Are Google employees more productive because of company perks? - Reedx
https://www.quora.com/Are-Google-employees-more-productive-because-of-company-perks?share=1
======
ridiculous_fish
Xoogler here; this information is circa 2015.

The infamous perks are low-order bits for personal productivity. For example,
on-site food is nice, but making it free actually hurts productivity: larger
crowds so you spend more time waiting, you are more likely to travel between
different cafes just to sample things, etc.

However company-wide these are much more valuable because they improve
recruiting and especially retention. Nothing hurts productivity like employee
turnover! This is why they are a smart investment for the company.

As for personal productivity, these were the biggest perks:

1\. The shuttle. This gave me effectively two additional hours working instead
of driving.

2\. Fast hardware. I had a 64 GB Mac Pro, plus laptops and dev servers. Sweet!

But there were also "anti-perks" that hurt my productivity:

1\. Cramped and ghastly loud open office (building 40). It was difficult to
focus.

2\. Insufficient physical space. My job required wiring up a lot of PCBs and
prototype hardware, but I had the same desk as someone just writing code. I
had to "swap" my physical setups.

3\. Highly distributed team.
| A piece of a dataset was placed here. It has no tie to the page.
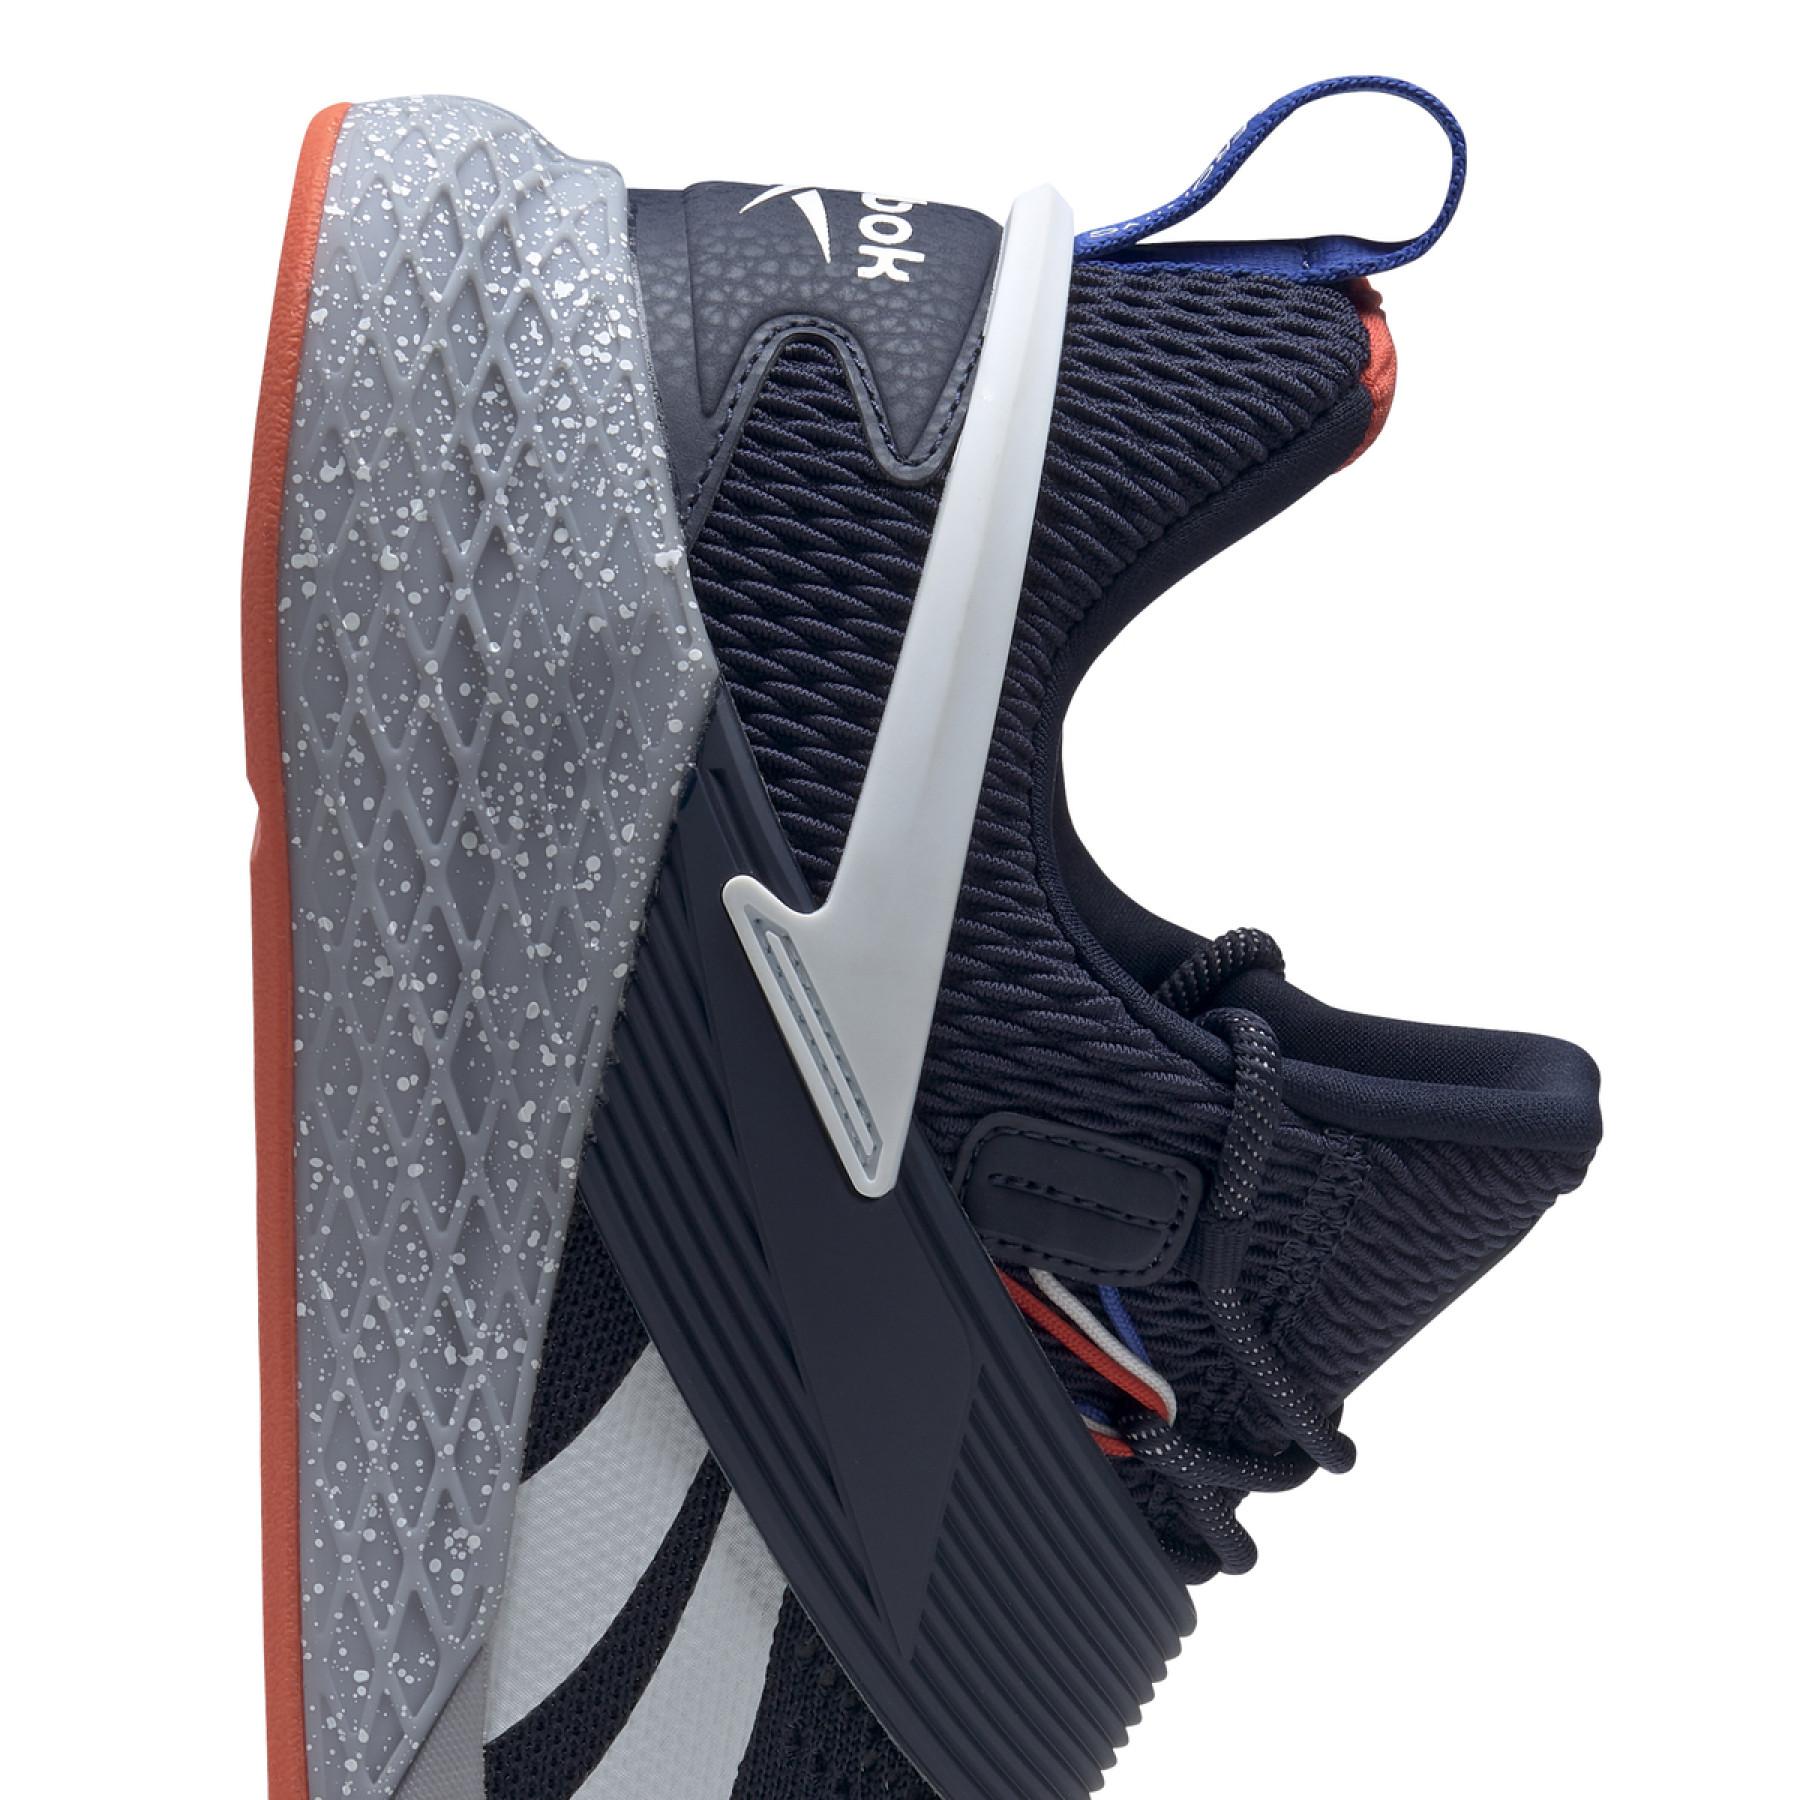 Schuhe Reebok Nano X Froning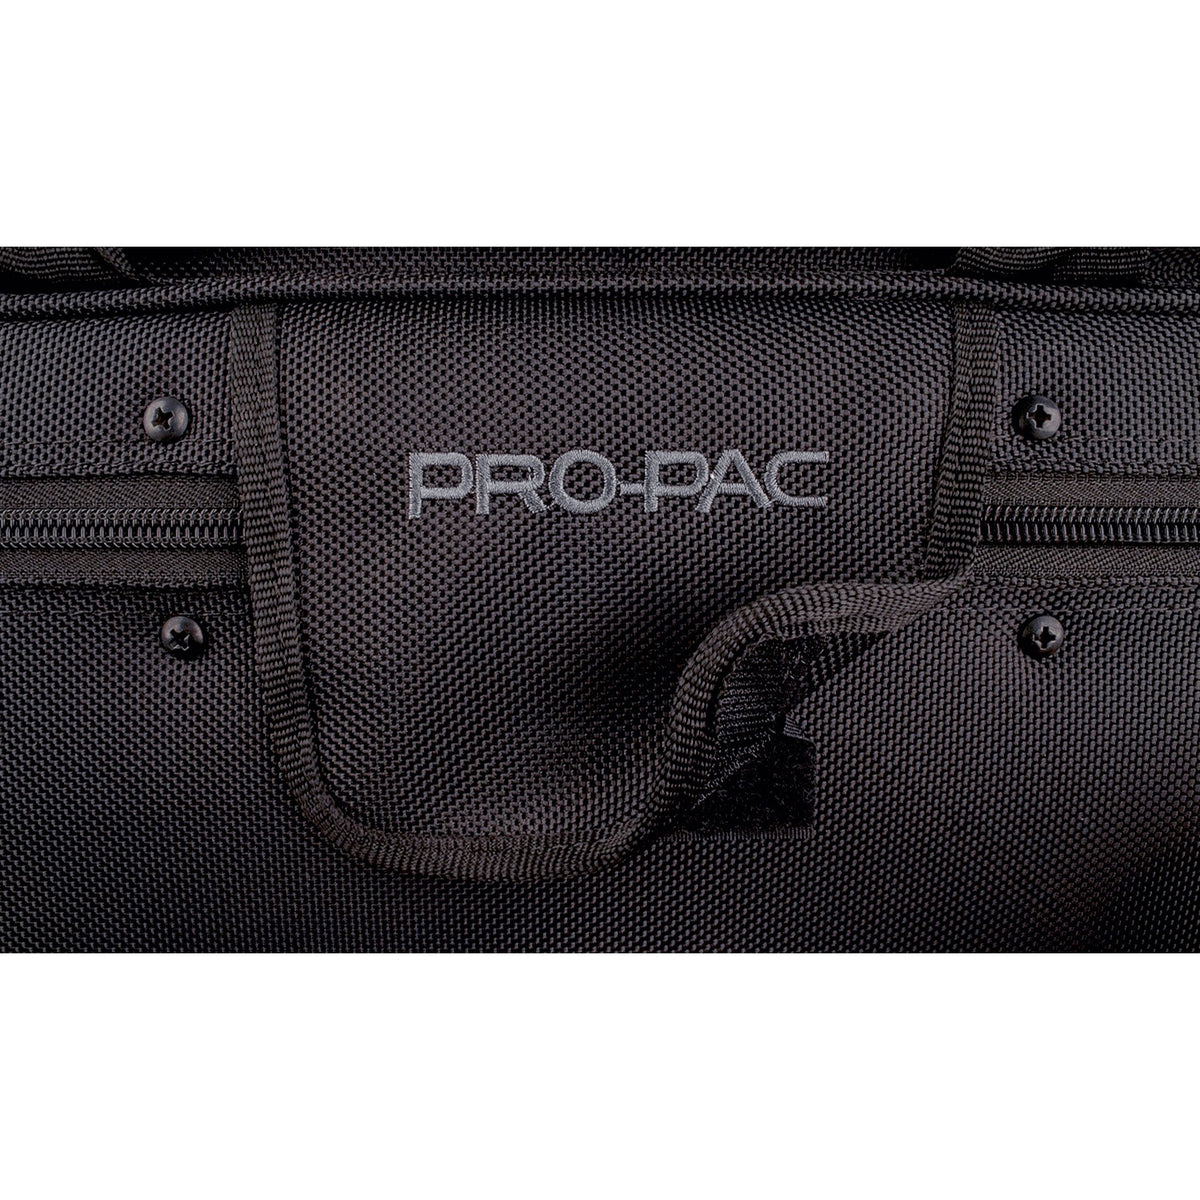 Protec - Trumpet PRO PAC Case (Contoured)-Case-Protec-Music Elements

Having key team members in Asia meant ~16 hour
cycle time for questions, code review, etc. (Plus expect to spend a portion of
each meeting fighting with VC.)

However if we take productivity as literally "producing valuable things" and
not false metrics like LOC or bug fix count, then IMO these were the highest
company-wide productivity killers:

1\. Leadership churn, leading to project churn and cancellation. Not the
healthy reevaluation of underperforming projects, but rather arbitrary "make a
mark" changes associated with new directors/VPs.

2\. Performance review over-weighting "creating something new" leading to
unnecessary duplication. A Googler who creates a (say) new build system excels
the one who adapts an existing build system. This is visible all the way to
the product level, e.g. their many chat apps.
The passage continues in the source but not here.